» DATASET RECORDS
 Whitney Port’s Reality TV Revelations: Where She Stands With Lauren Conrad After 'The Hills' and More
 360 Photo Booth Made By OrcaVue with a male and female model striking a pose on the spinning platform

--

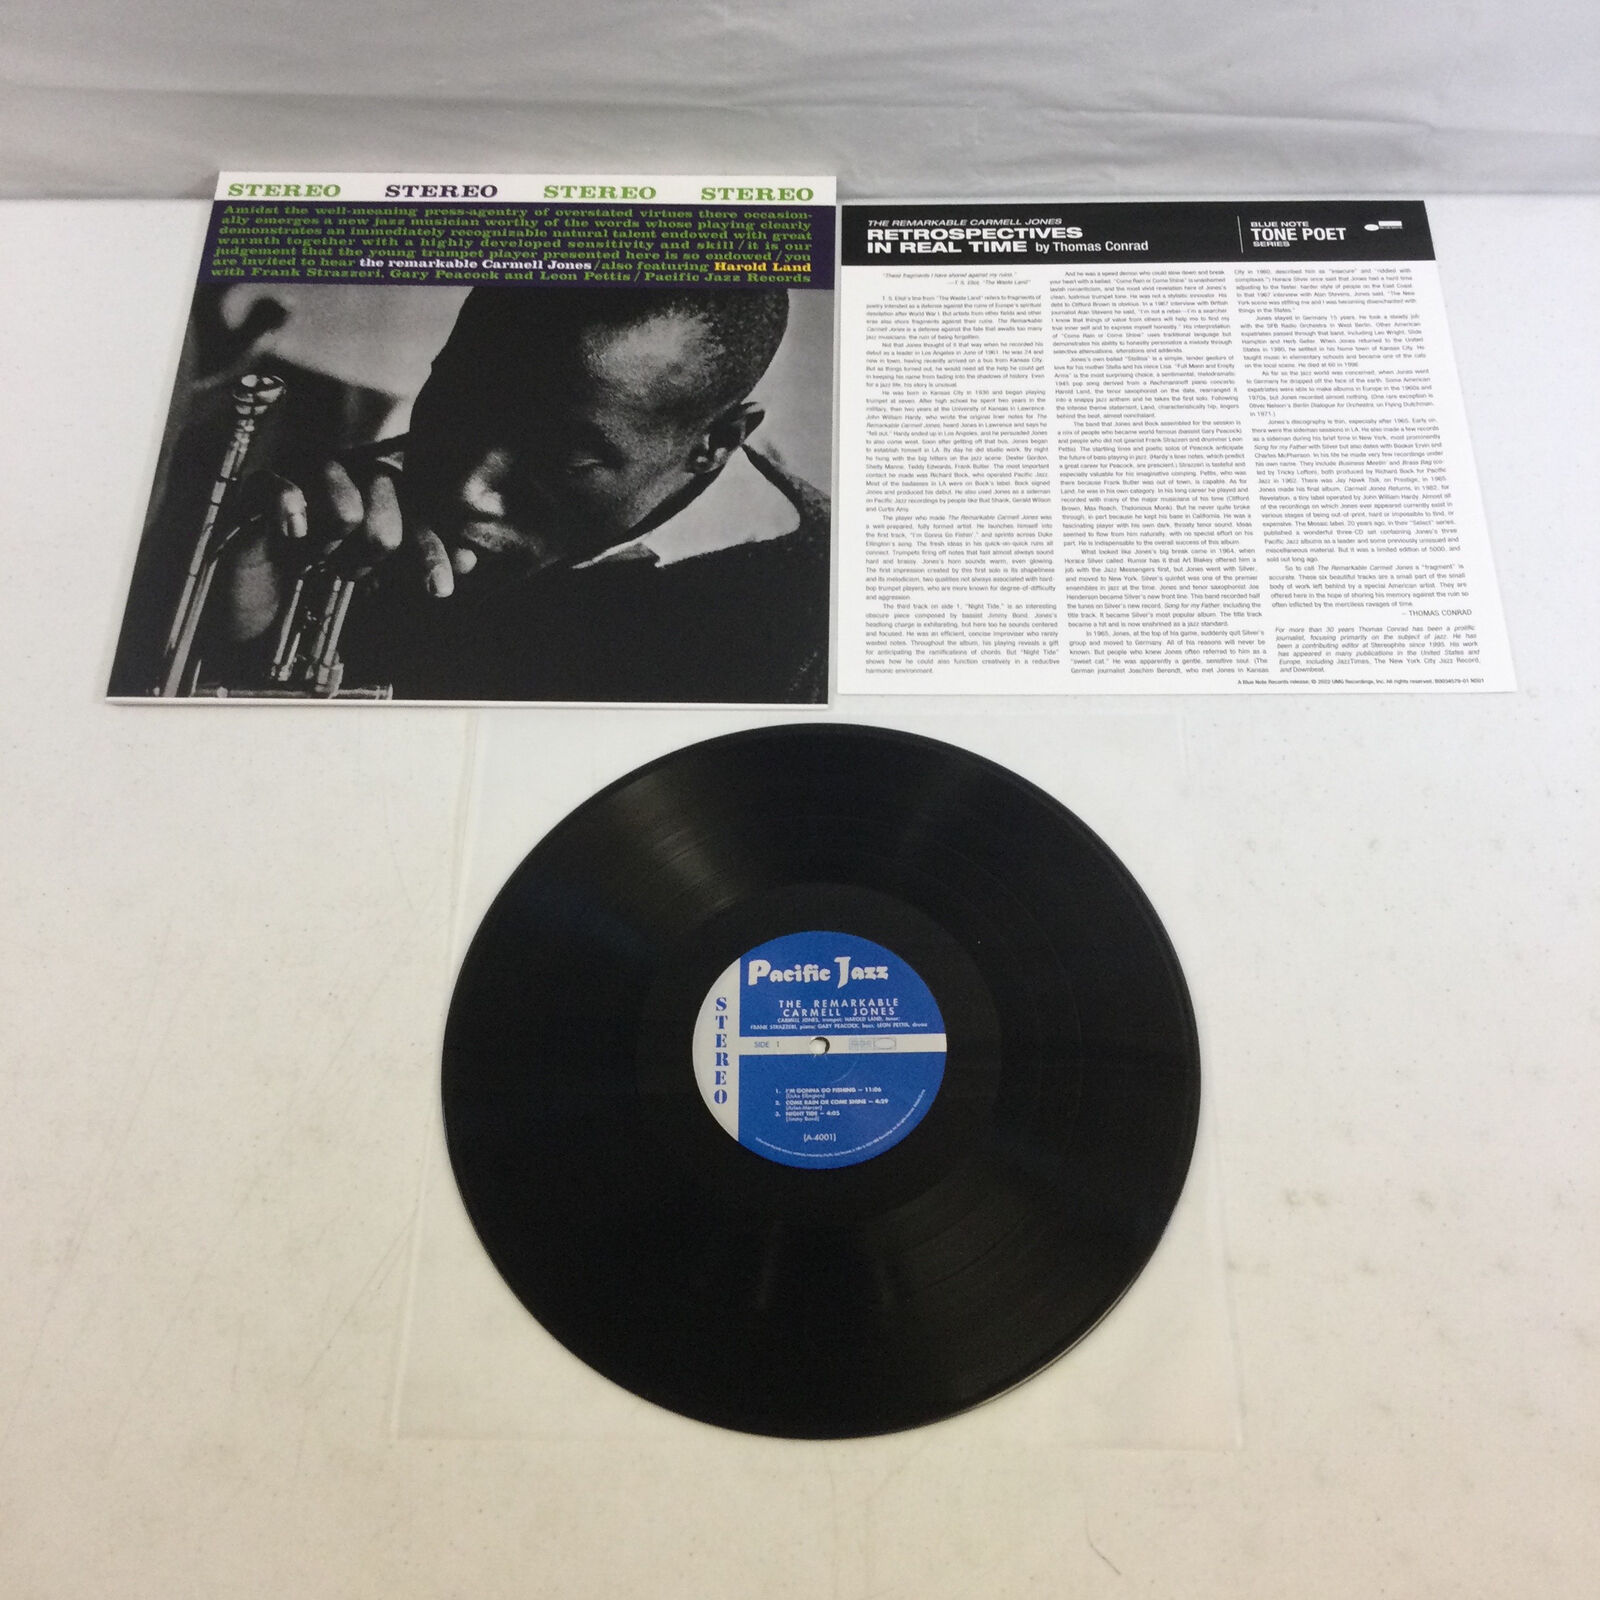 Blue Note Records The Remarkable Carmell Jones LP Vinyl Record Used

» YOUR GOAL
Starting at the line that contains "Whitney Port’s Reality" and stopping after the line that contains "360 Photo Booth", write out every line exactly as it appears above, and no other line.

» EXPECTED ANSWER
 Whitney Port’s Reality TV Revelations: Where She Stands With Lauren Conrad After 'The Hills' and More
 360 Photo Booth Made By OrcaVue with a male and female model striking a pose on the spinning platform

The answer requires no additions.